St. Nikolaus (Isny im Allgäu)
Die evangelische Stadtpfarrkirche St. Nikolaus in Isny im Allgäu, einer württembergischen Stadt des Landkreises Ravensburg, ist eine dreischiffige Pfeilerbasilika, an deren romanischen Bau von 1288 im 15. Jahrhundert ein spätgotischer Chor angefügt wurde. Diese sogenannte Nikolaikirche wurde nach der Reformation zur evangelischen Stadtpfarrkirche. Oberhalb der im 15. Jahrhundert gebauten Sakristei befindet sich ein gewölbter Raum mit einer Predigerbibliothek, die eine wertvolle Sammlung von Wiegendrucken und alten Büchern enthält, die für die bestellten evangelischen Prediger bestimmt waren.
Geschichte
St. Nikolaus, die sogenannte Nikolaikirche, ist die Nachfolgerin der Leute-Kirche, die in nächster Nähe zur Klosterkirche des ehemaligen Klosters St. Georg gebaut worden war. Im Jahr 1284 brannten mit dem Kloster und dem größten Teil der Stadt auch die Kirchen ab. Von der 1288 durch Heinrich von Brunow neu erbauten Kirche sind die Umfassungsmauern des Langhauses, die Rundbogenfenster des nördlichen Lichtgadens, die Arkadenbögen im Innern und der Turm bis zur Glockenstube erhalten geblieben.
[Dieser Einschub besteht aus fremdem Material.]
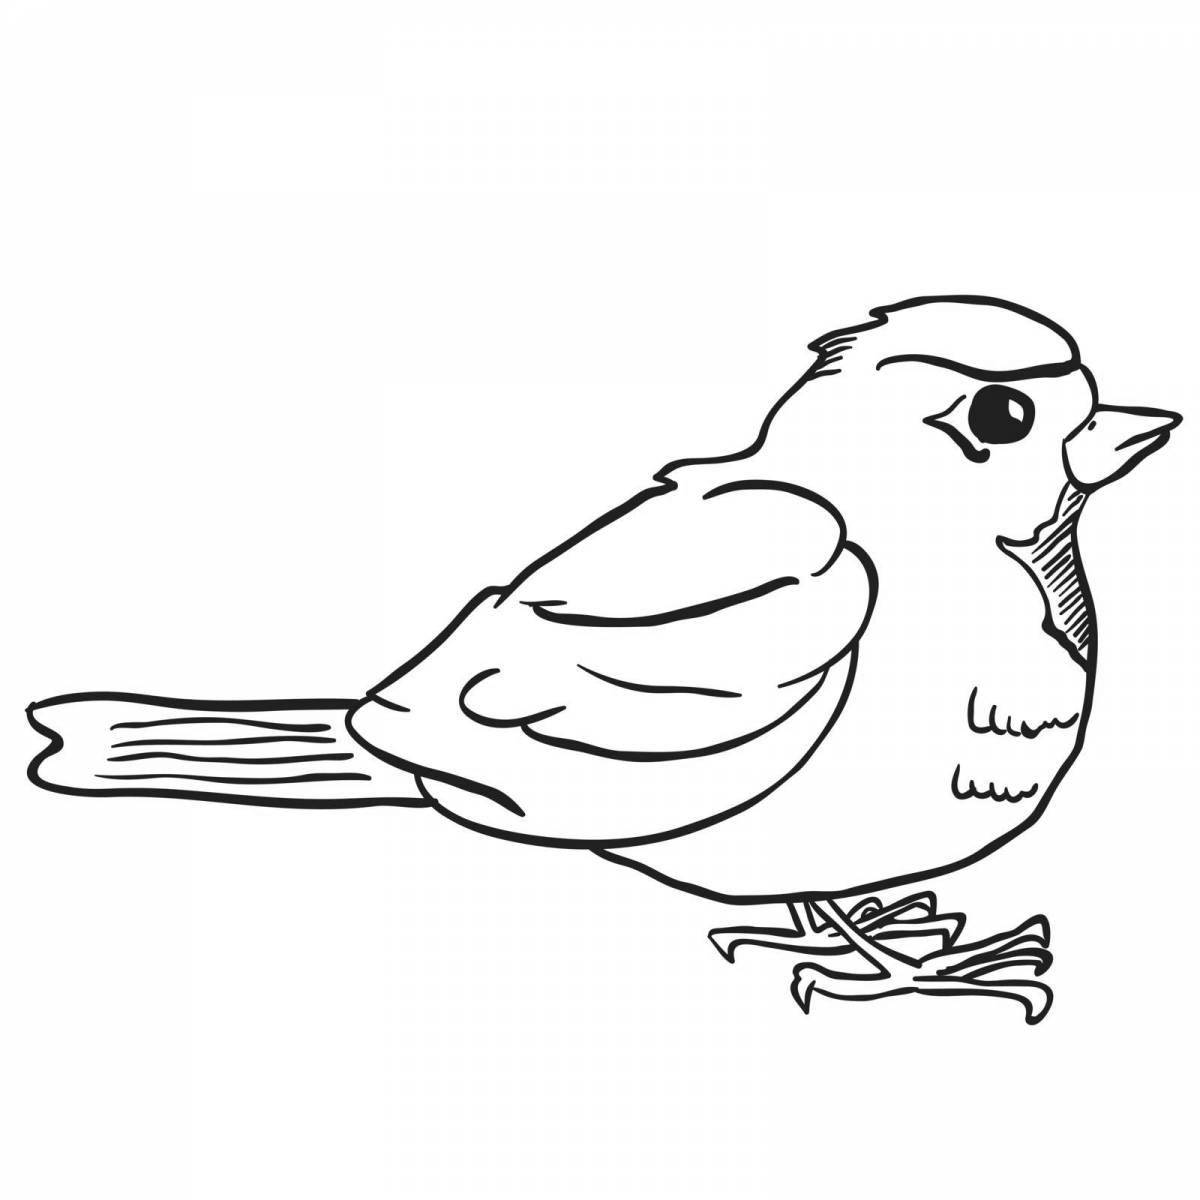 Bright disheveled sparrow Grade 3

Der spätgotische Chor mit seinem Sternrippengewölbe wurde im 15. Jahrhundert angefügt. Als 1472 der Kirchturm umfassend erneuert wurde, dürfte dabei auch die Sakristei mit der über ihr befindlichen Predigerbibliothek entstanden und eingewölbt worden sein. Zu dieser Zeit ist wohl auch die Eberz’sche Kapelle entstanden, als Bestattungsort einer reichen Bürgerfamilie Isnys.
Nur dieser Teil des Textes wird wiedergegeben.